COLUMBUS, OH — JANUARY 21: Sarah Steenblock of Cincinnati joins supporters of Planned Parenthood Advocates of Ohio (PPAO) to assemble abortion care baskets before a rally outside the Ohio Statehouse to mark what would have been the 50th anniversary of Roe v. Wade. January 21, 2023, at the PPAO administrative offices downtown, in Columbus, Ohio. (Photo by Graham Stokes for Ohio Capital Journal. Republish photo only with original story.)
When the U.S. Supreme Court overturned Roe v Wade last June, it allowed states to ban abortion altogether without regard to the consequences for women’s health in its decision in Dobbs v Jackson Women’s Health. The states that have come closest to outright bans already had big problems with maternal and infant health, a new report says.
The report, by the Gender Equity Policy Institute, said that in 2021 maternal death rates in the 16 states it classified as having post-Dobbs abortion bans were 2.4 times higher than in the 22 states that it classified as being “supportive” of abortion rights.
It classified Ohio’s law — which bans the vast majority of abortions after about six weeks of pregnancy — as being one of those in 16 states that were “restrictive” of abortion rights. Maternal mortality — deaths during and shortly after pregnancy — was 1.7 times more likely in those states than in states with supportive abortion policies.
And for Black and Native American women, the situation is dramatically worse. They had 69 and 117 maternal deaths per 100,000 live births, respectively, in 2021. That compares to 33 deaths per 100,000 live births in the nation as a whole.

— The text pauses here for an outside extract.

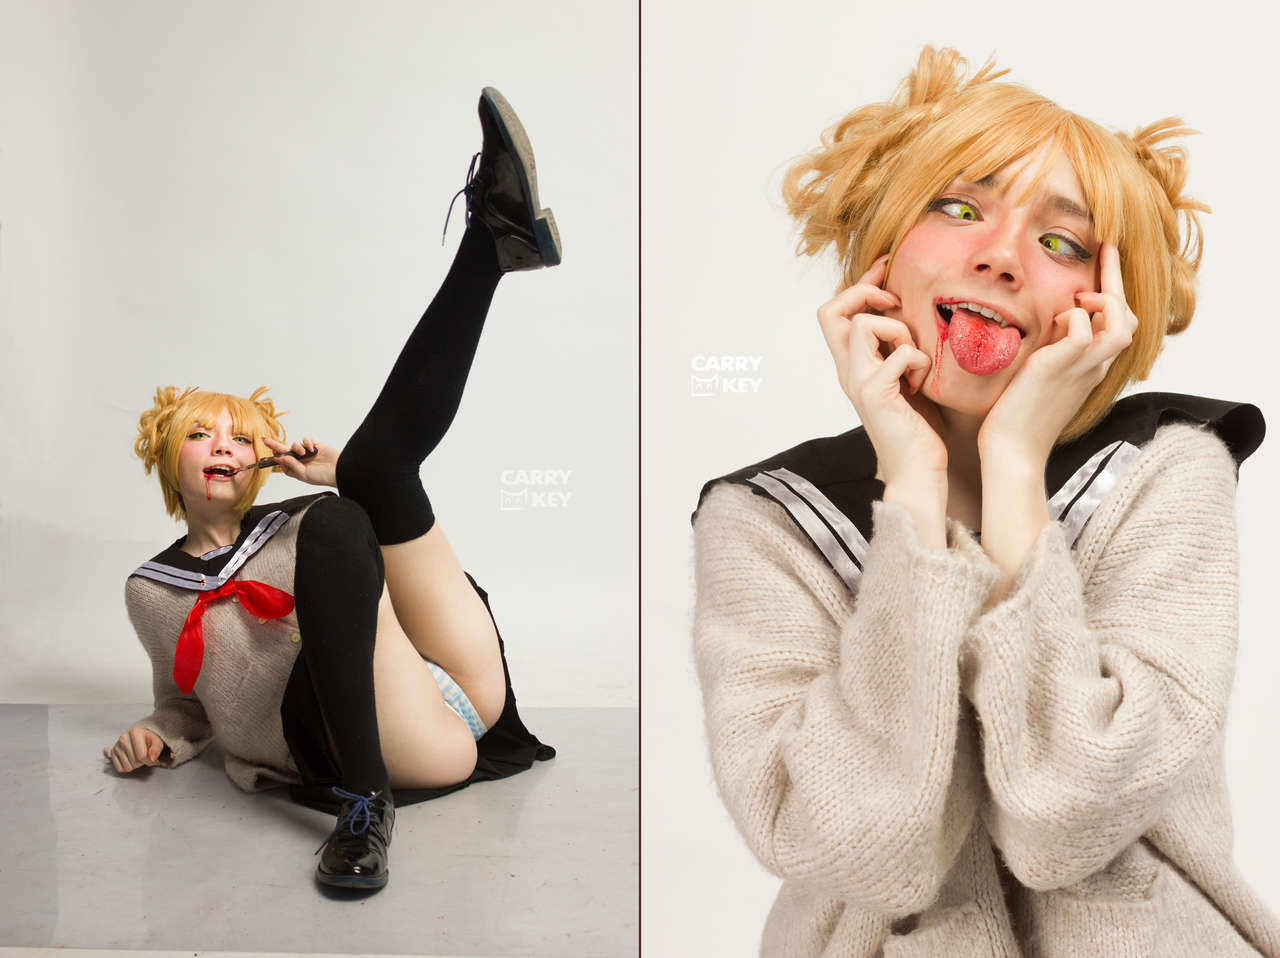 Toga Himiko By Carrykey

Ohio’s law is currently on hold by the courts pending litigation, meaning that abortion is currently still legal in Ohio through 21 weeks of gestation.
The Gender Equity Policy Institute used data from the Census Bureau and the Centers for Disease Control and Prevention to do its analysis. The findings were stark.
“For those who live in one of the 22 states which support reproductive freedom, the trends are largely positive,” it said. “The health and wellbeing of women and babies in these states outpaces that of those living in states which ban or restrict abortion care. This is true across nearly all indicators.”
In states that banned or restricted abortion post-Dobbs, pregnancy-related outcomes were far worse
“The situation is dramatically different, and more precarious, for the 59% of women and girls who live in the 29 states which ban or restrict abortion care and other reproductive health care,” the report said. “On nearly every measure, people in banned and restrictive states have worse outcomes than their counterparts in supportive states. Moreover, these states are less likely to enact policies, like paid parental leave, which have been shown to improve outcomes for new parents and babies.”
The analysis found that:
- 6 in 10 women live in states that ban abortion or sharply limit it.
- 7 in 10 Black women live in states that ban or restrict abortion.
- 1 in 4 teens live in states that banned abortion after Dobbs.
- Babies born in banned states were 30% more likely to die in their first month of life.
- Twice as many single mothers were uninsured in banned states than in supportive states.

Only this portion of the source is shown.